How Military Service Helped Me See Beyond Assumptions — and Embrace Differences
One day in early 2003, I was driving to my job at a local sandwich spot in Richmond, Virginia, when my truck decided to give out. To be fair, this wasn’t the first time it had left me stranded on the side of the road so I couldn’t be that mad about it. I called my boss to explain the situation and ask for a ride to the store.
As I stood on the shoulder of I-64 waiting for him to pick me up, I had time to think about how I’d spent the almost two years since graduating high school. It primarily consisted of 1.5 semesters of university, months spent traveling the country with my punk rock band, and, generally, living on other people’s couches or in the back of my truck. All that to say that I had approximately $50 to my name, which was certainly less than the cost of a new clutch for my truck, which I never saw again after that day.
For several months, I had been tossing around the idea of joining the military. My father had been pushing me in that direction for some time due to my less than sustainable lifestyle. My friends, more fans of burning down the government than supporting it, weren’t quite as supportive, which kept me on the fence. With this latest setback, though, I decided that something needed to change. I wanted to talk to a Navy recruiter; however, the recruiting office was a 10-minute drive away, and without a car that was impossible.
As luck would have it, there was an Air Force recruiter in the strip mall across the street from my friend’s apartment where I was staying. I walked in, hair dyed bright green and formed into liberty spikes, two lip piercings, and several more piercings across my brows, to ask what job I could sign up for that would get me into basic training the fastest. That’s how, after filling out paperwork and having a physical more intrusive than any I’d had at that point in my life, I ended up in the Air Force – and stayed for seven years.
I wasn’t the stereotypical recruit; I had no overwhelming sense of patriotism, if anything it was the opposite, and no long and storied history of generations of my family serving in the military. These were also the early days of the “Global War on Terrorism,” and I was not a brave man, so was I scared of what that meant for my future. I expected I would serve my enlistment with people who I would have nothing in common and that I would struggle to connect with.

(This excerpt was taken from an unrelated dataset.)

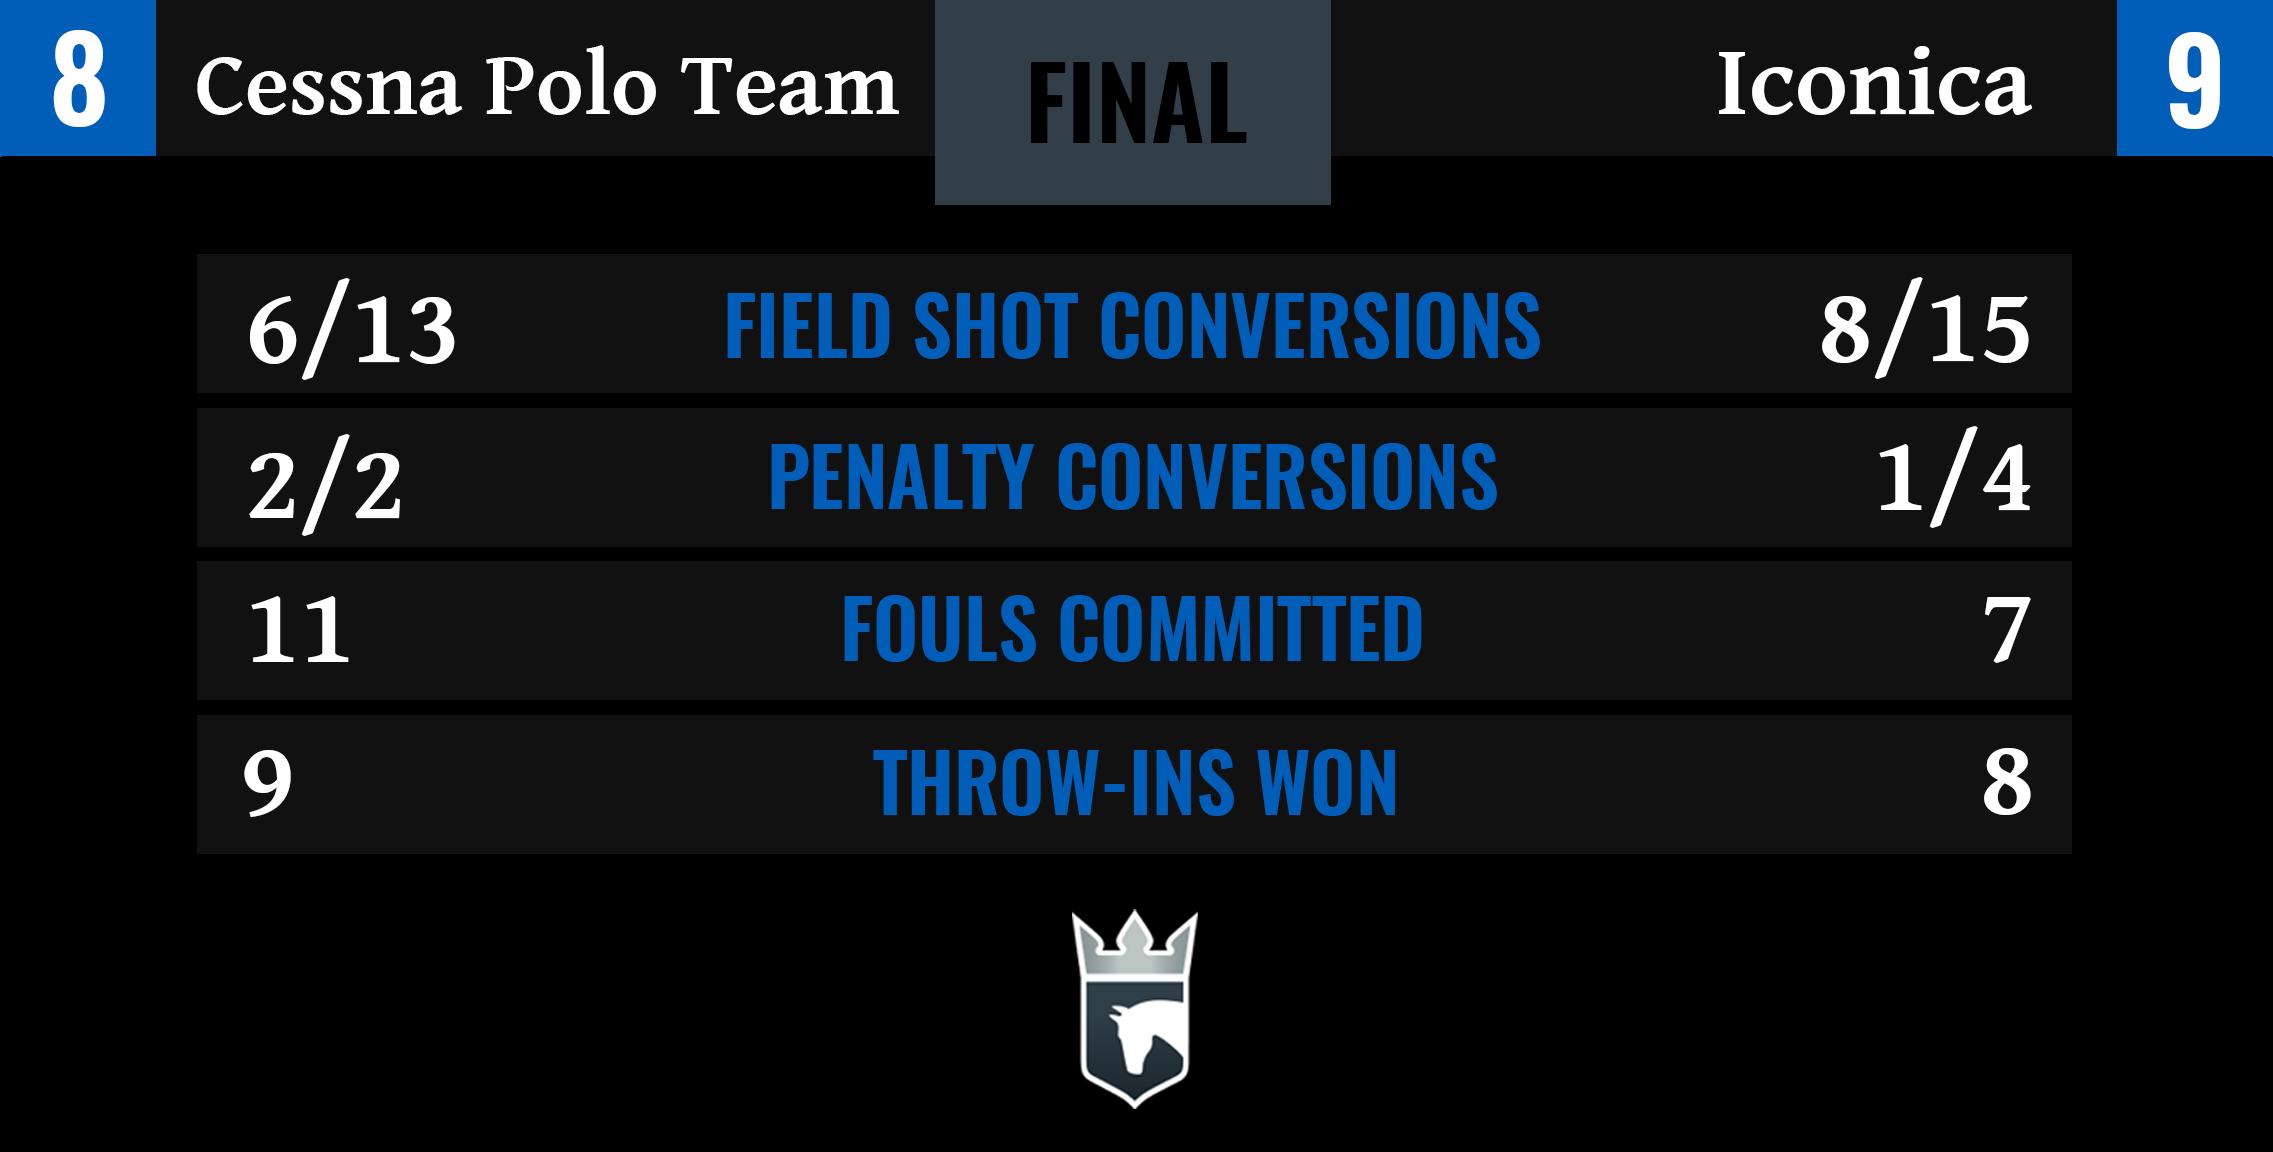 Cessna Polo Team vs Iconica Final Stats-1

I had my own biases and assumptions of what the “stereotypical” service member looked like – that they weren’t my type of people.

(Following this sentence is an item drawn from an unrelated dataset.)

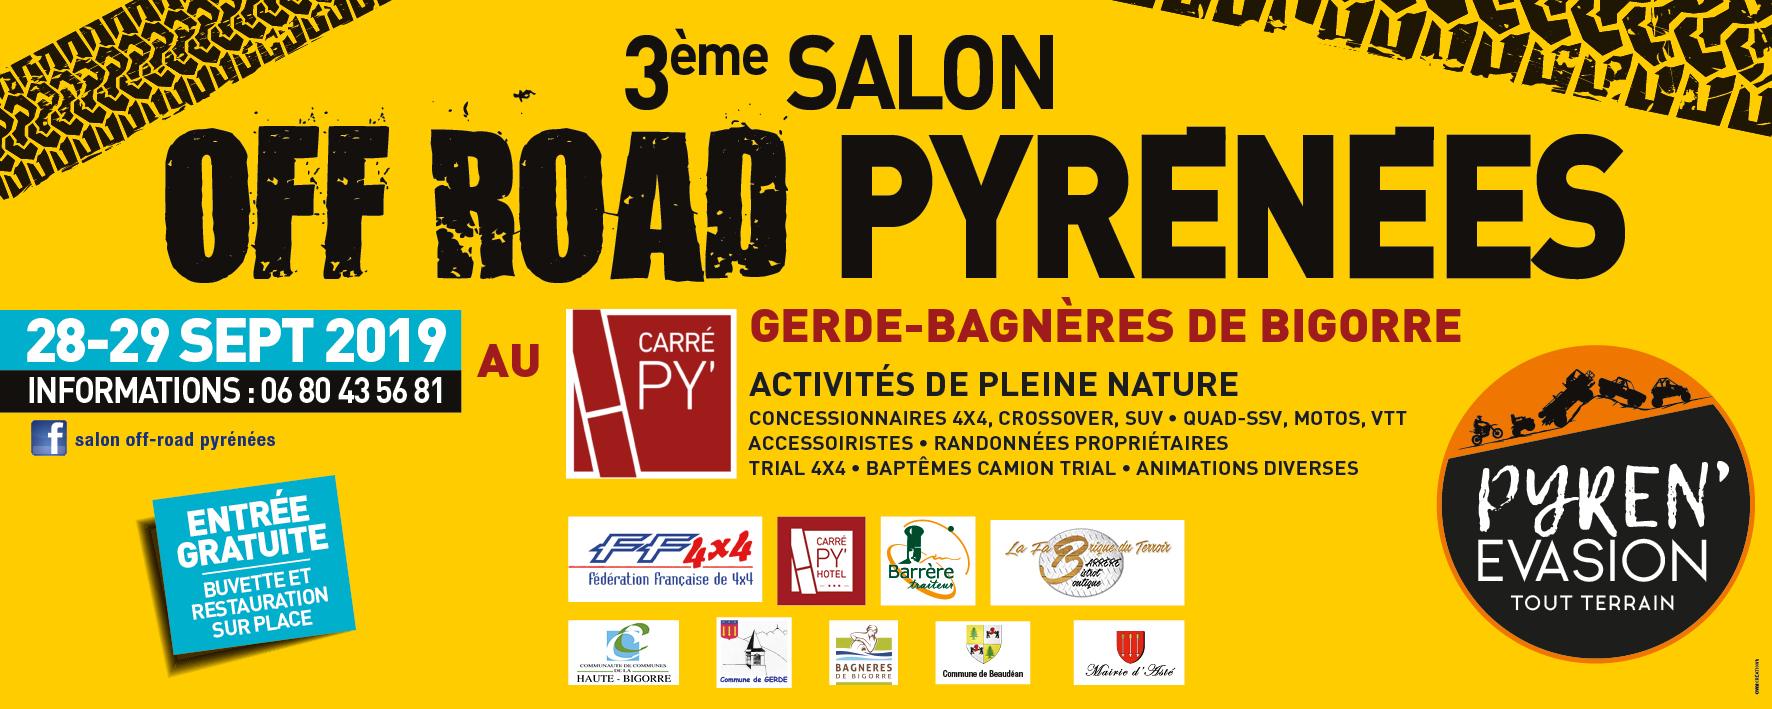 Salon Off-Road  Pyrénées 2019
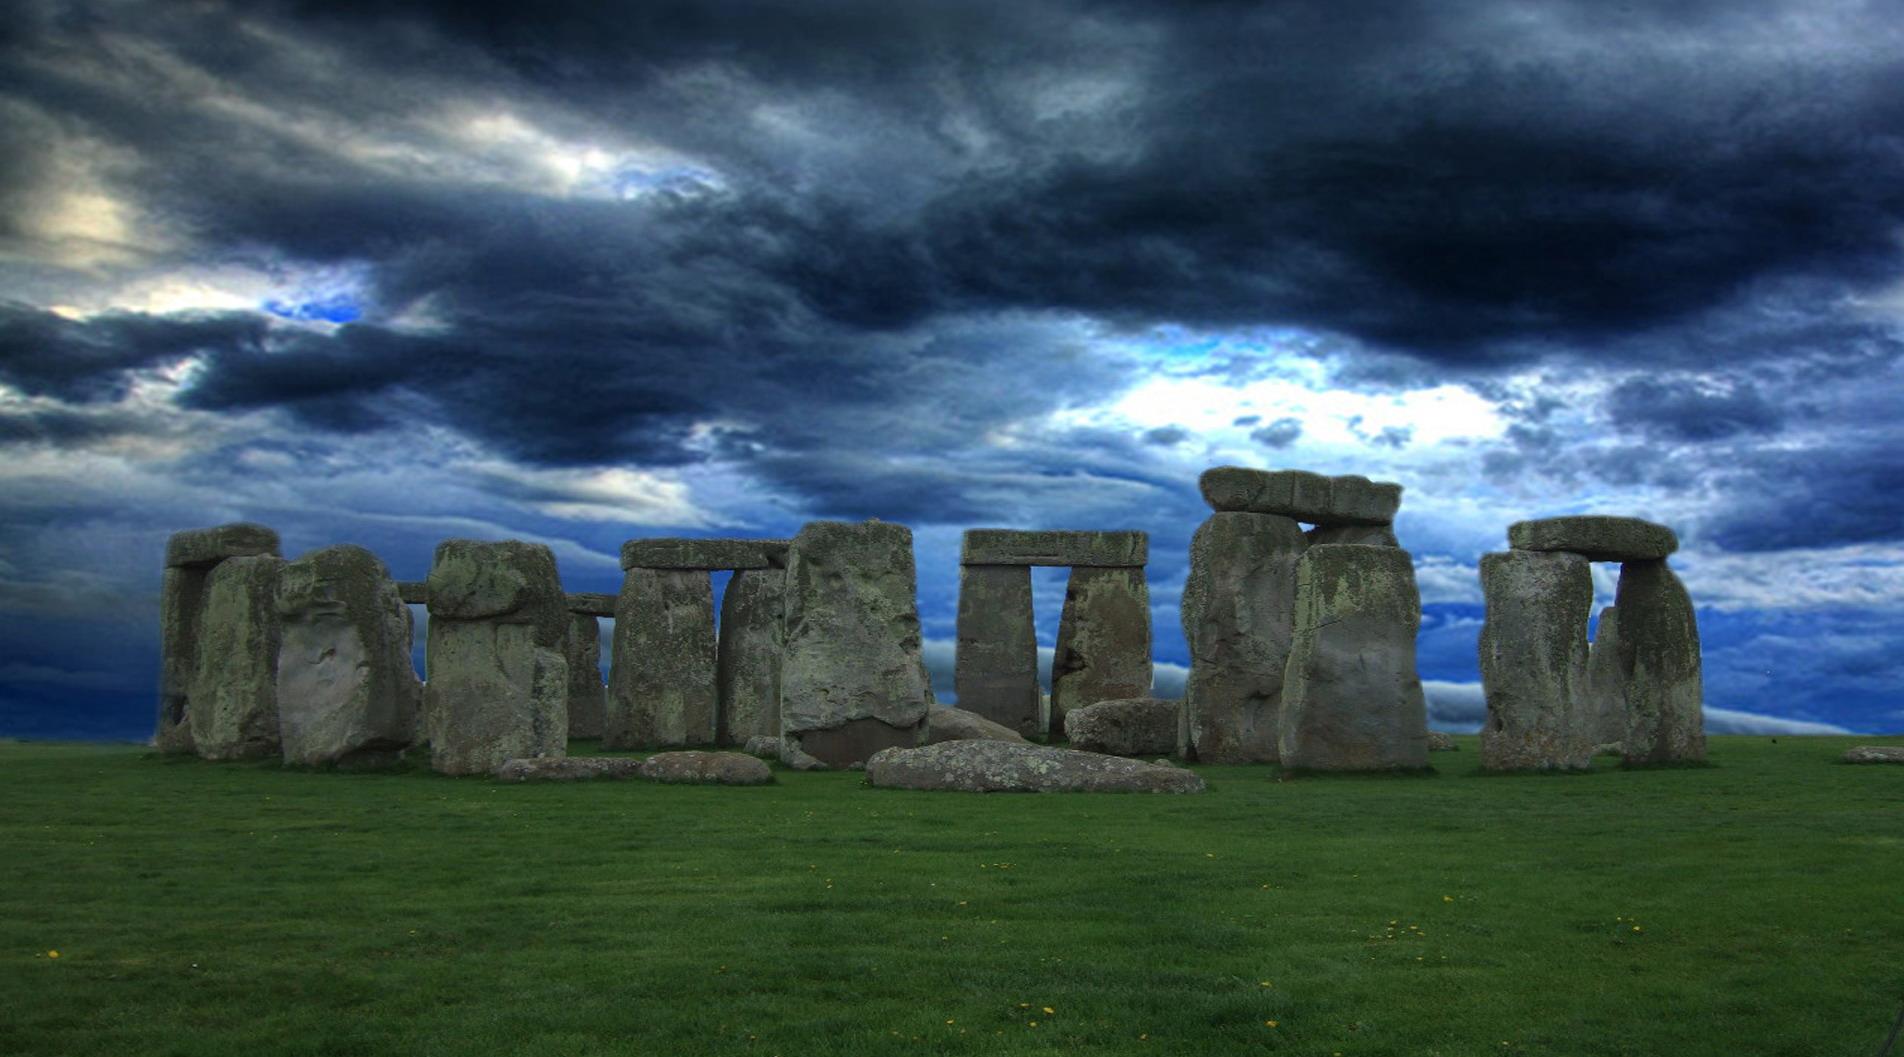 Stonehengejpeg

I was, of course, wrong. My wingman in basic training was a gay, red-headed man from Puerto Rico who told me my Spanish needed help (which it did!). Most of my basic training group was from the Great Lakes region, resulting in their regional use of the word “pop” instead of “soda” to become a part of my vocabulary that, much to my displeasure, remains today. The person who would become my best friend while stationed in Minot, North Dakota, was the son of undocumented migrant workers that moved from farm to farm in the Midwest. He taught me how to make chile relleno and introduced me to the Mexican punk rock scene. He had joined out of a sense of responsibility to the country giving him his citizenship. Of course, there were certainly people there based on what I had assumed the stereotypical recruit would look and sound like, but they challenged me to question my assumptions. In fact, one of these “stereotypical” recruits ended up being the best man at my wedding in 2014, a decade after we met.
These experiences shaped me early on in my life to challenge biases and to question any assumptions I may have. If I could be so wrong about something so simple, what else could I be wrong about? After all, it shouldn’t have been a giant leap of logic to figure out if I wasn’t the «stereotypical» service member, then certainly there were many more that went against the grain as well.

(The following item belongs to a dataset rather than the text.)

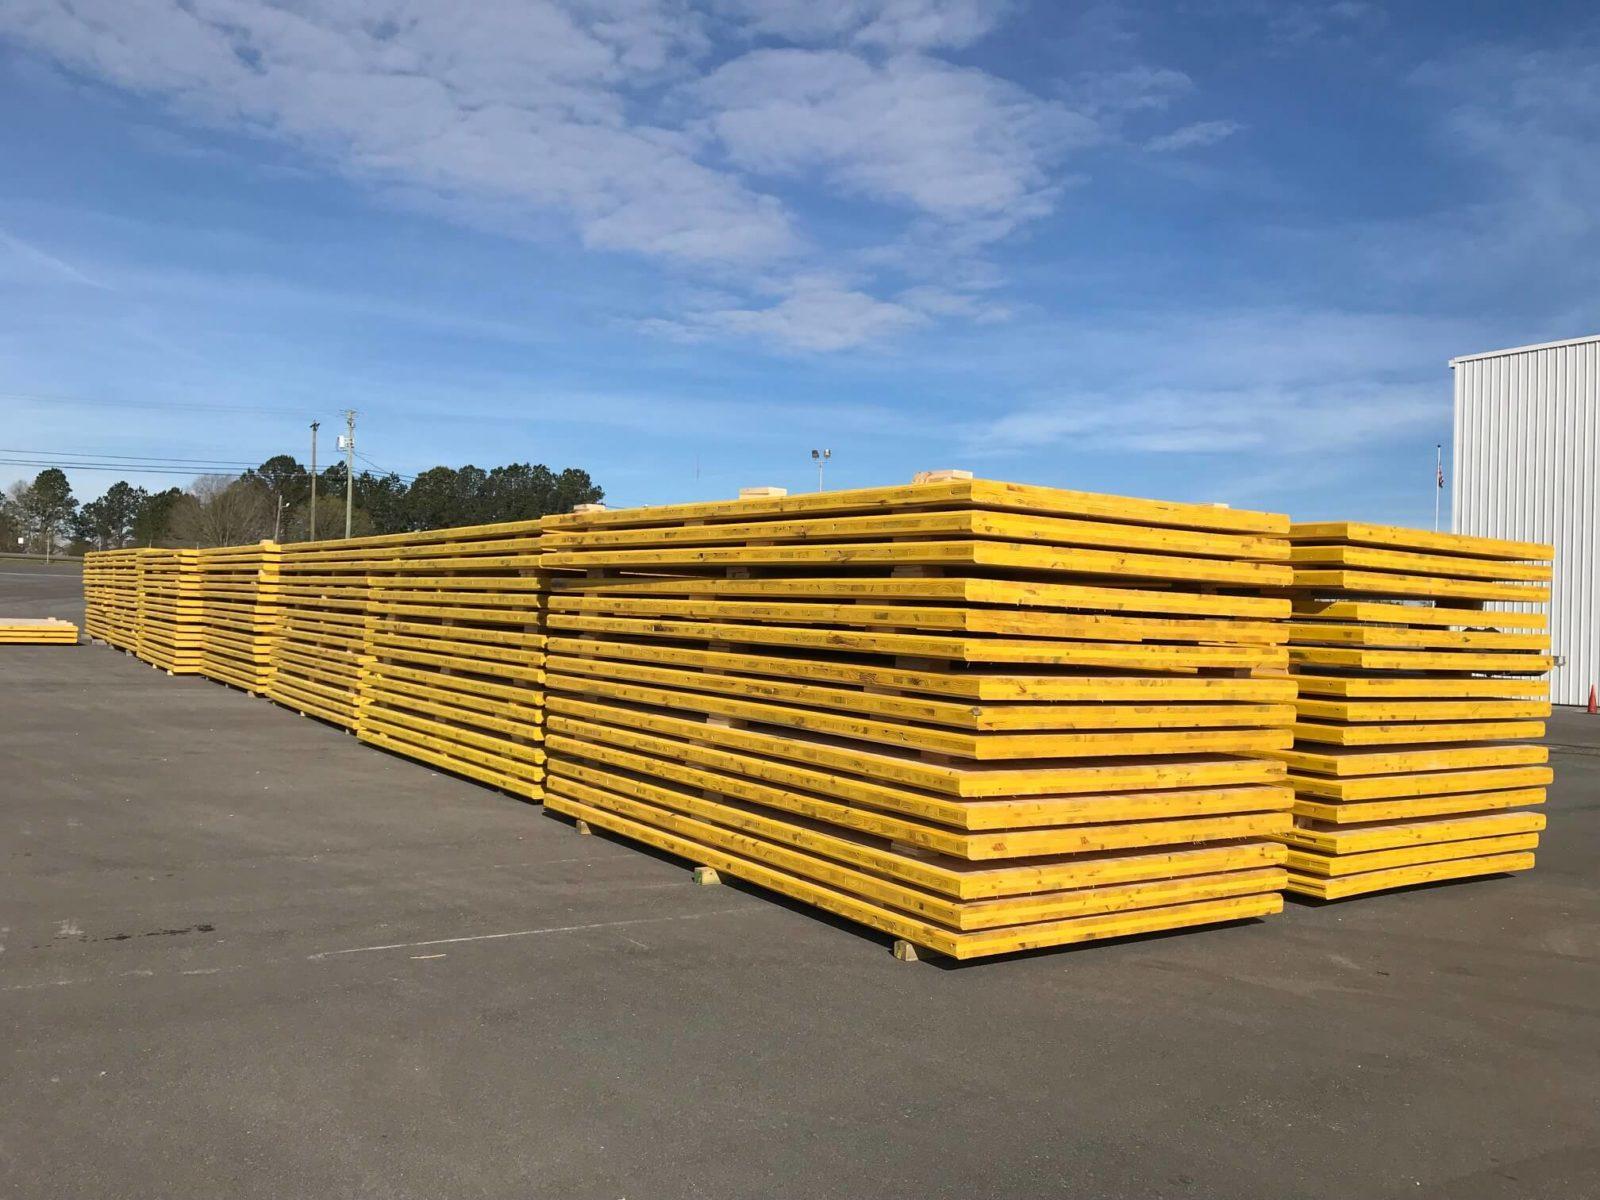 Timber Mats | Wooden Construction, Logging, & Excavator Mats

The Air Force would continue to challenge me in a variety of ways during my enlistment, physically, emotionally, and mentally, but when I look back at those years, that’s not really what comes to the forefront for me. It’s the people, from every walk of life, ethnicity, sexual orientation, gender, and, in general, every little combination of things that makes us each an individual.
I learned a lot during my time in the Air Force, and most of it was because I was surrounded by people who were different than me in so many ways and who helped shape the man I’ve become. When Veteran’s Day rolls around every year, it gives me a chance to think back to these people and smile at the shared memories of laughter and pain. That’s what Veteran’s Day is to me: a celebration of the incredible collection of people that all signed the same dotted line, each with their own story to tell.